Data provided ::
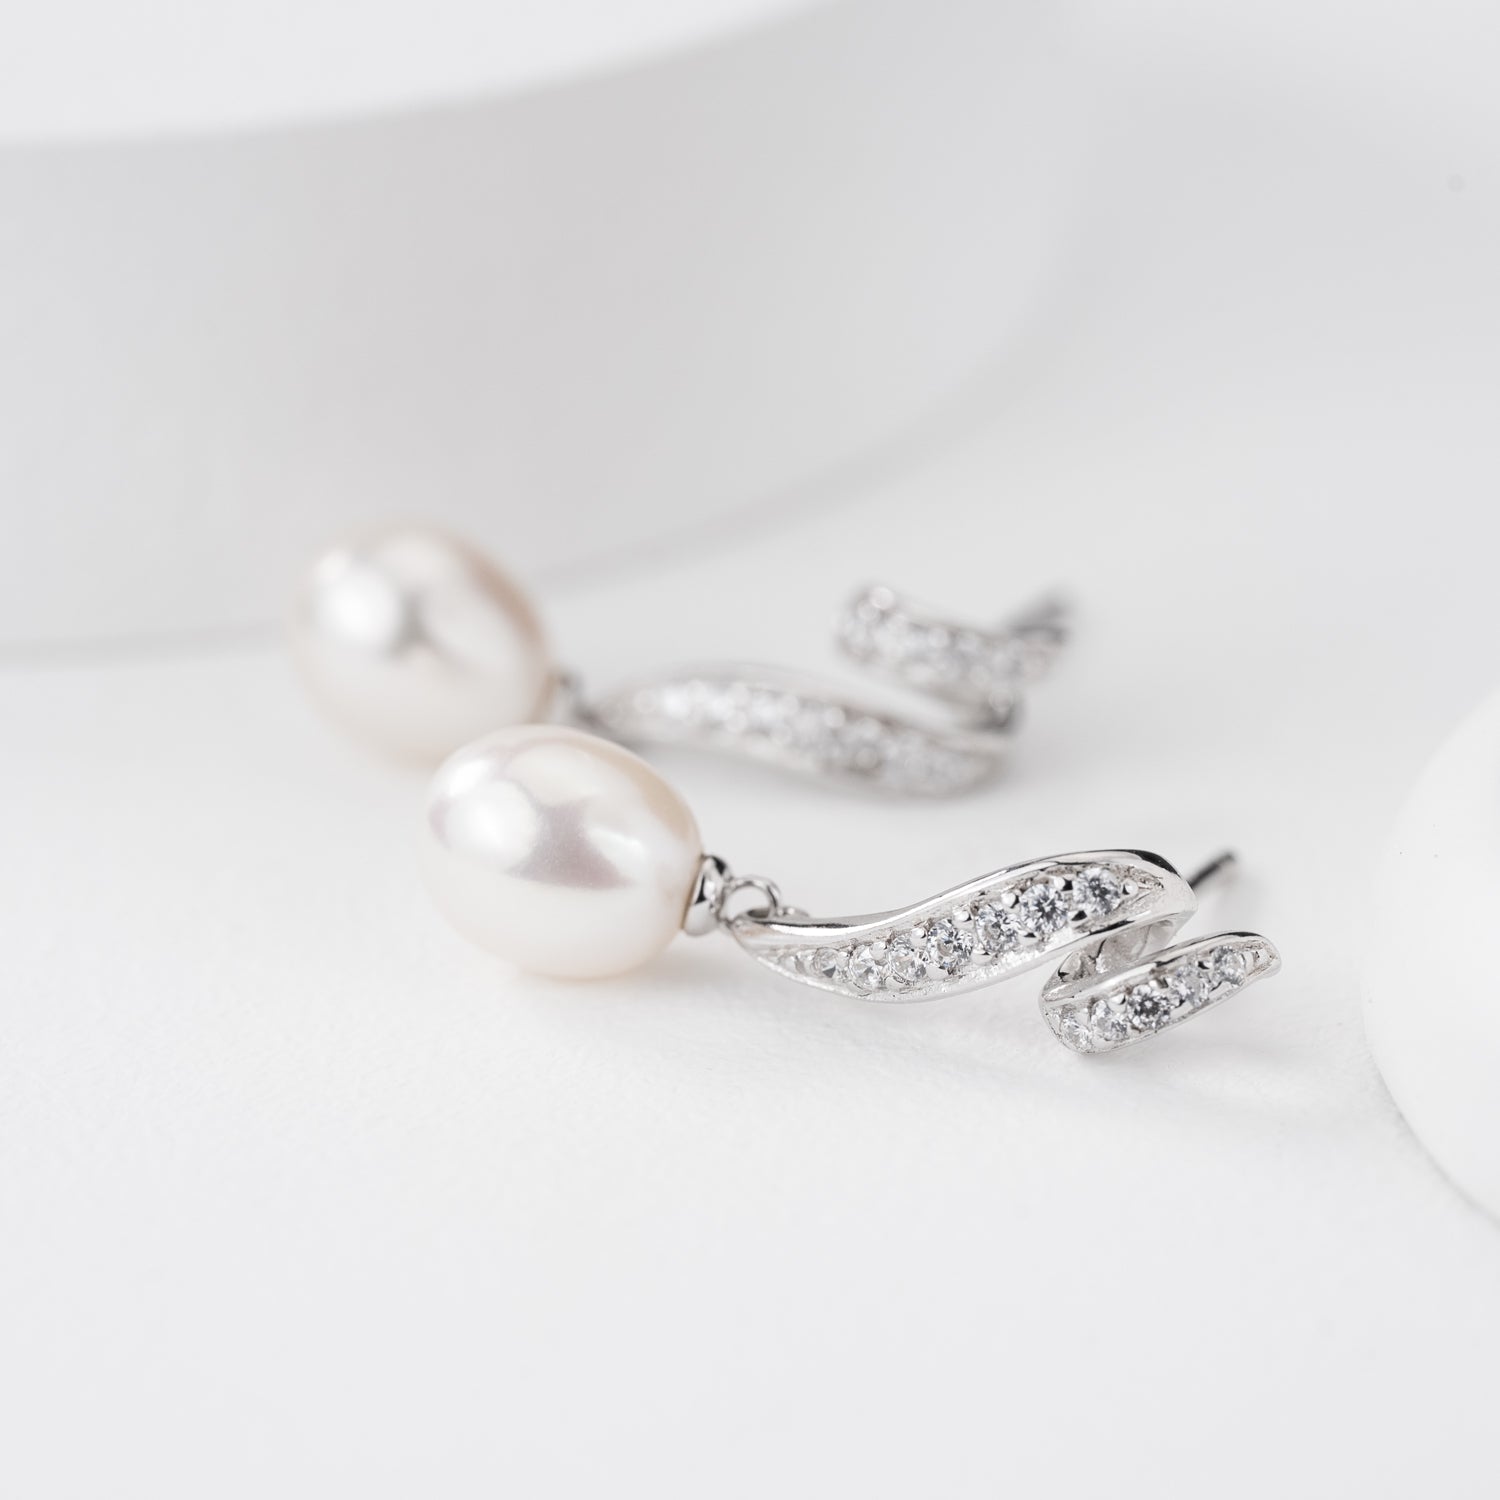 Studded Freshwater Pearl Drop Earrings
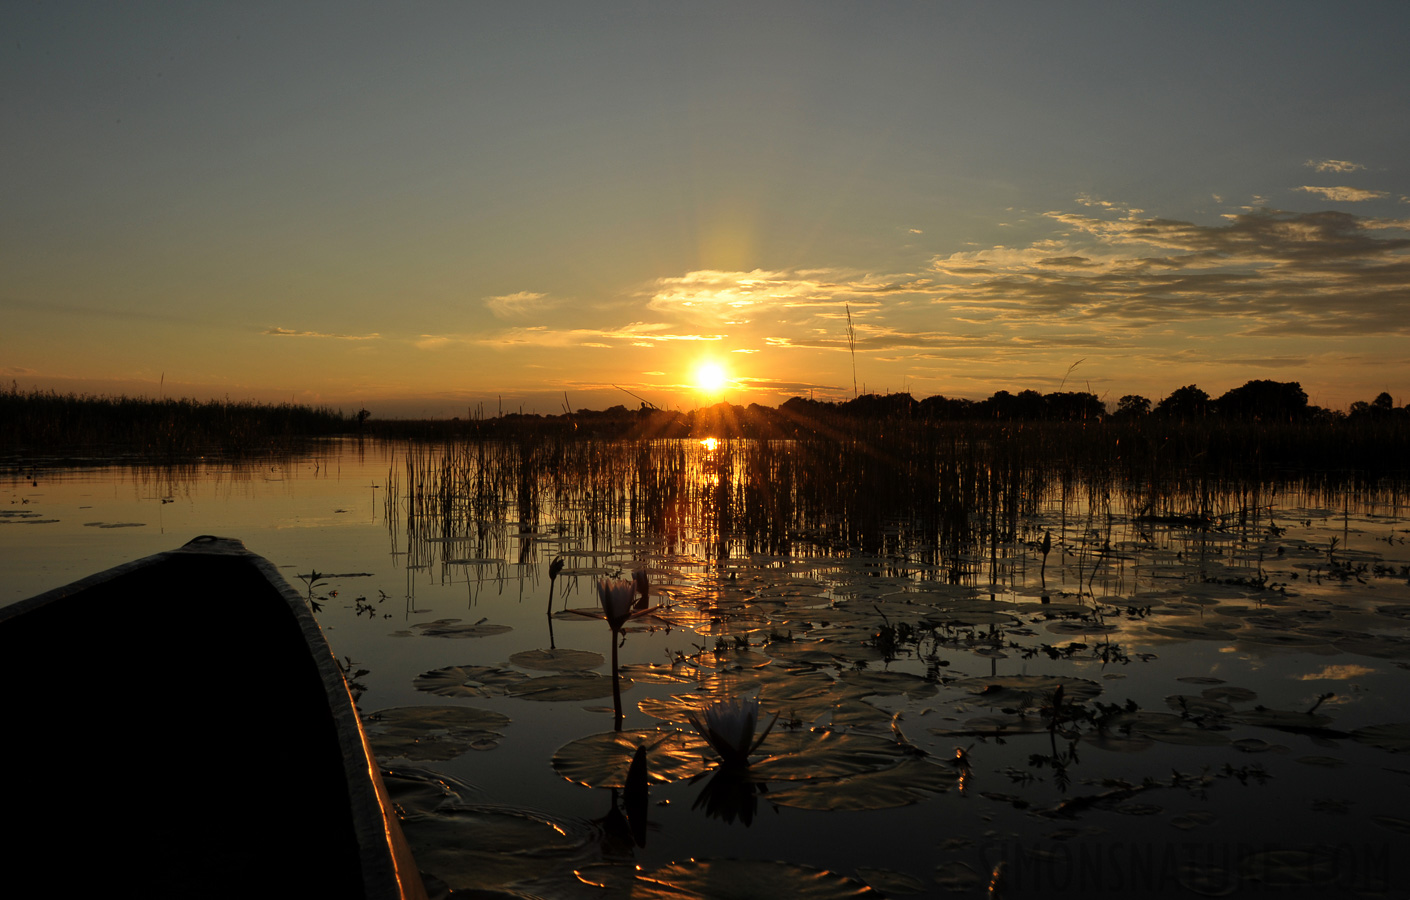 Okavango Delta [28 mm, 1/160 sec at f / 22, ISO 400]
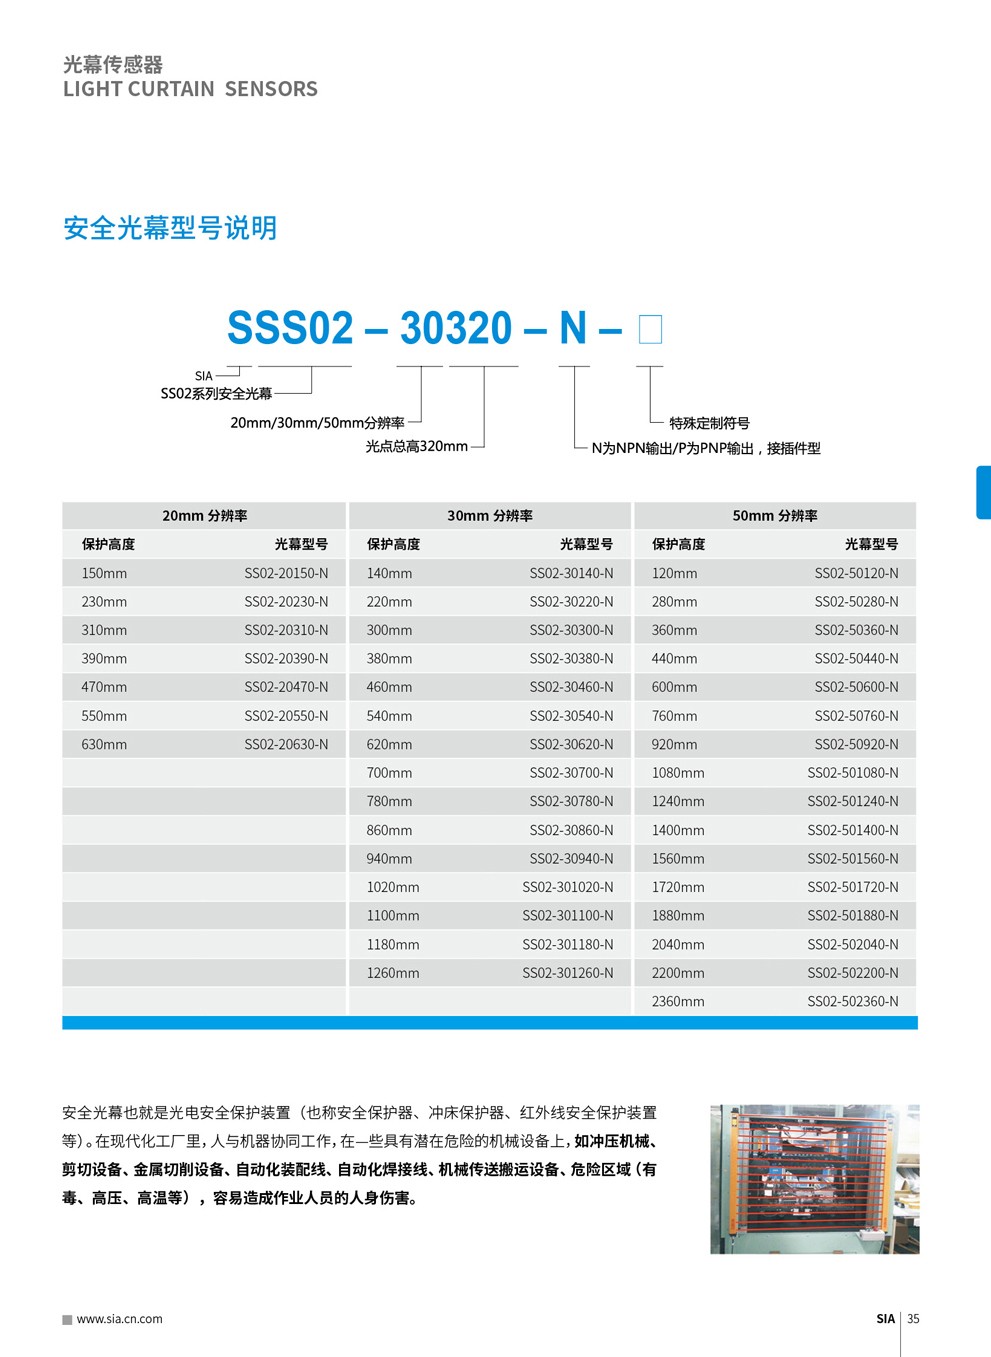 思革尔工业自动化（上海）有限公司 Secure Industrial Automation (Shanghai) Co., Ltd.
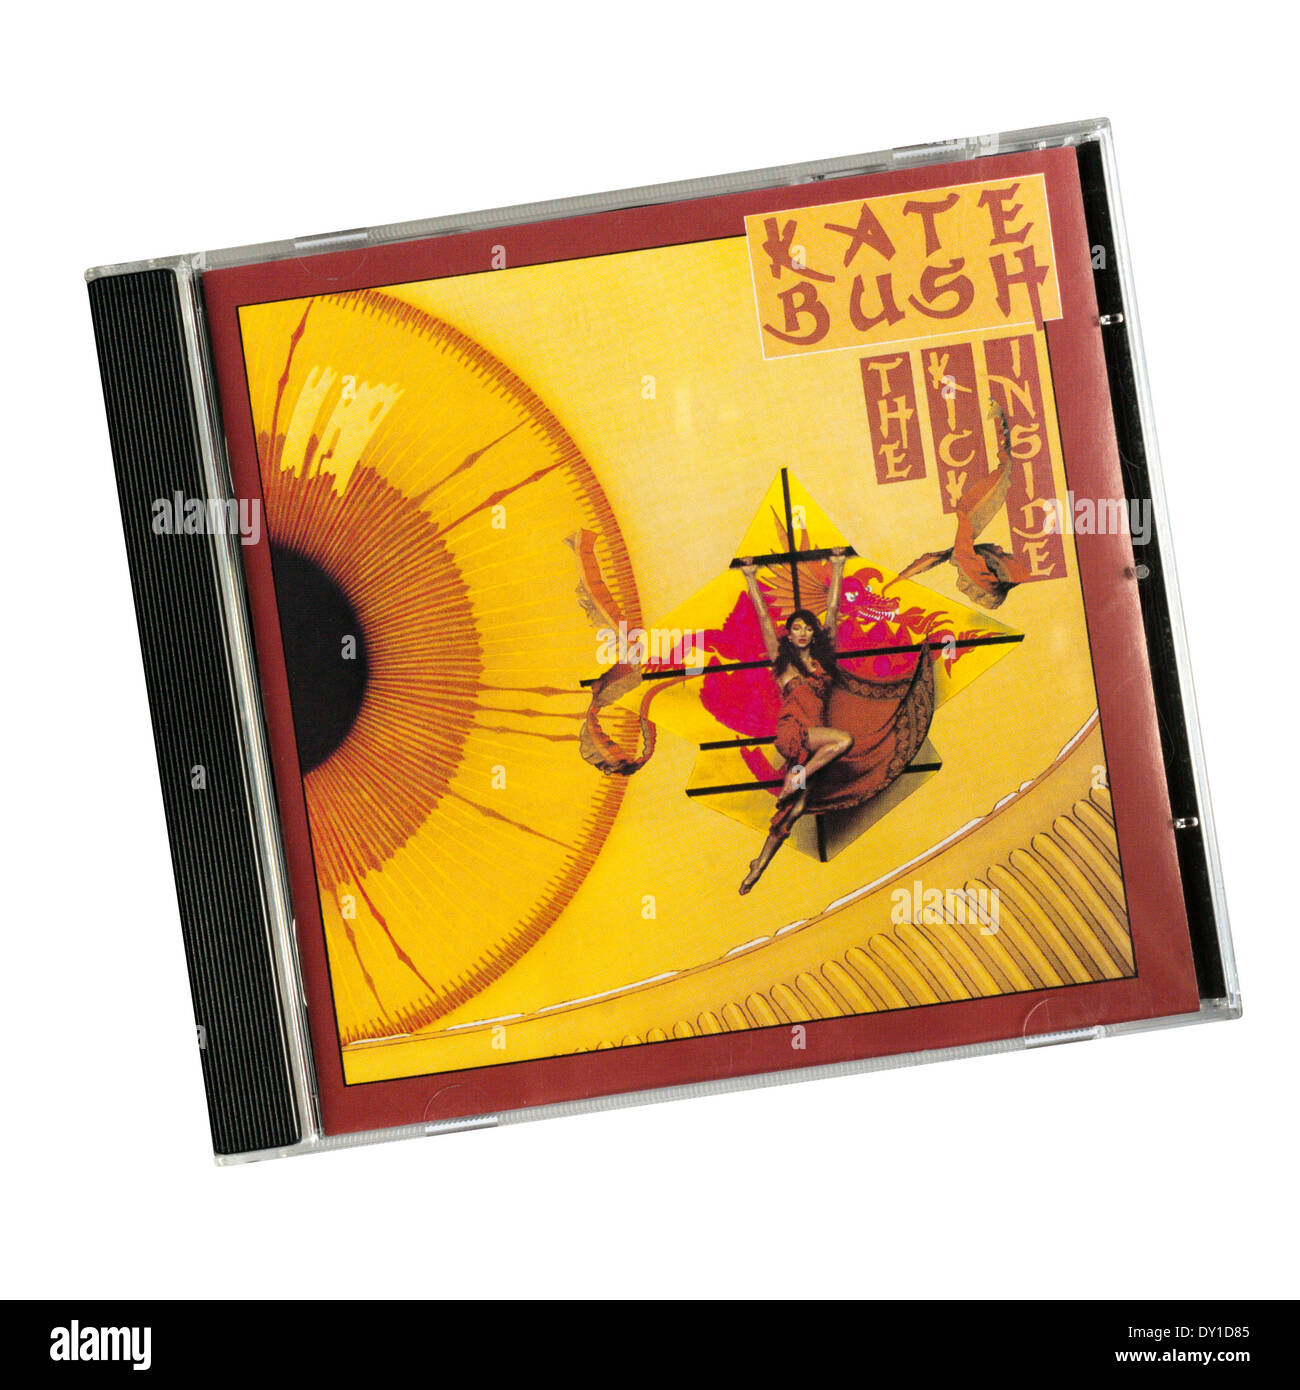 La Patada interior era el álbum debut en inglés de la cantante y músico Kate Bush. Fue lanzado en 1978. Foto de stock
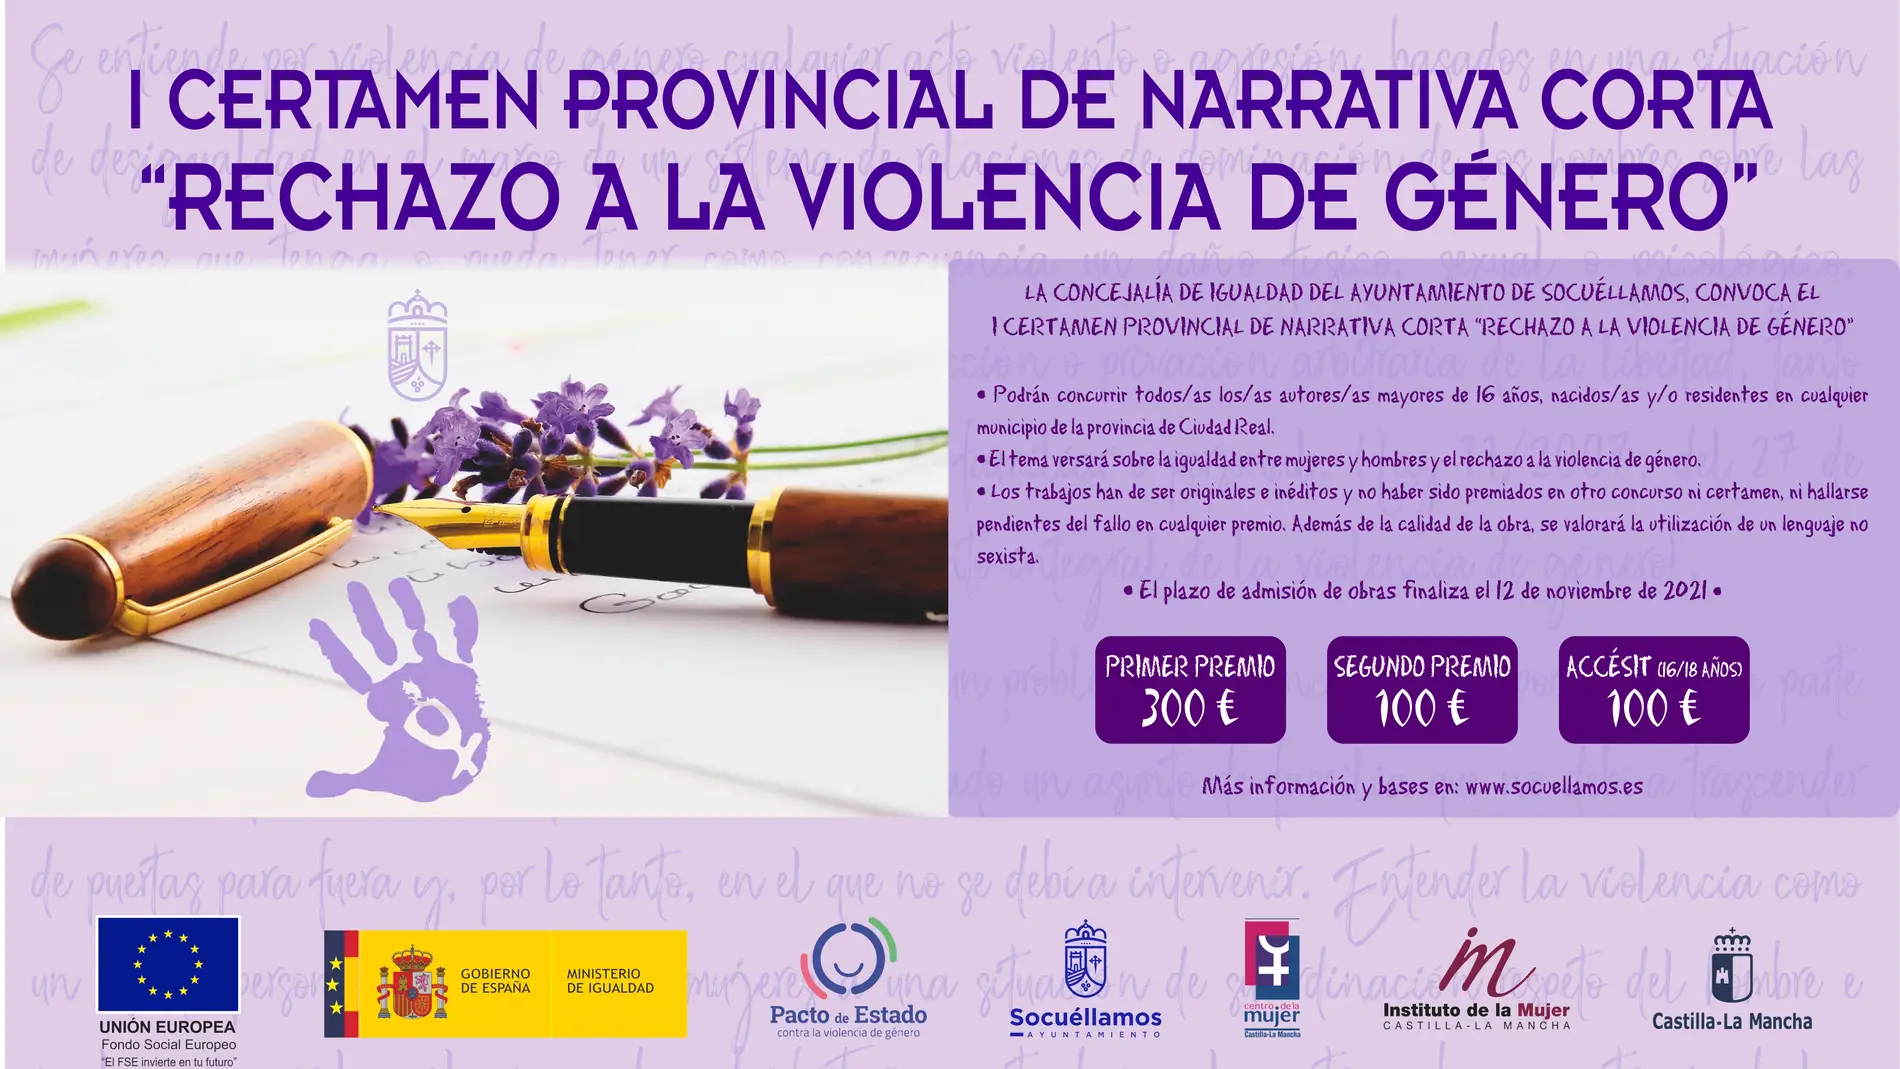 Socuéllamos convoca el I Certamen Provincial de narrativa corta “Rechazo a la Violencia de Género”

Task directions :: Beginning with the line that contains "La Patada interior" in the data above, please copy each line exactly until the last line, both ends included, skipping any pictures.

Answer space ::
 La Patada interior era el álbum debut en inglés de la cantante y músico Kate Bush. Fue lanzado en 1978. Foto de stock
 Socuéllamos convoca el I Certamen Provincial de narrativa corta “Rechazo a la Violencia de Género”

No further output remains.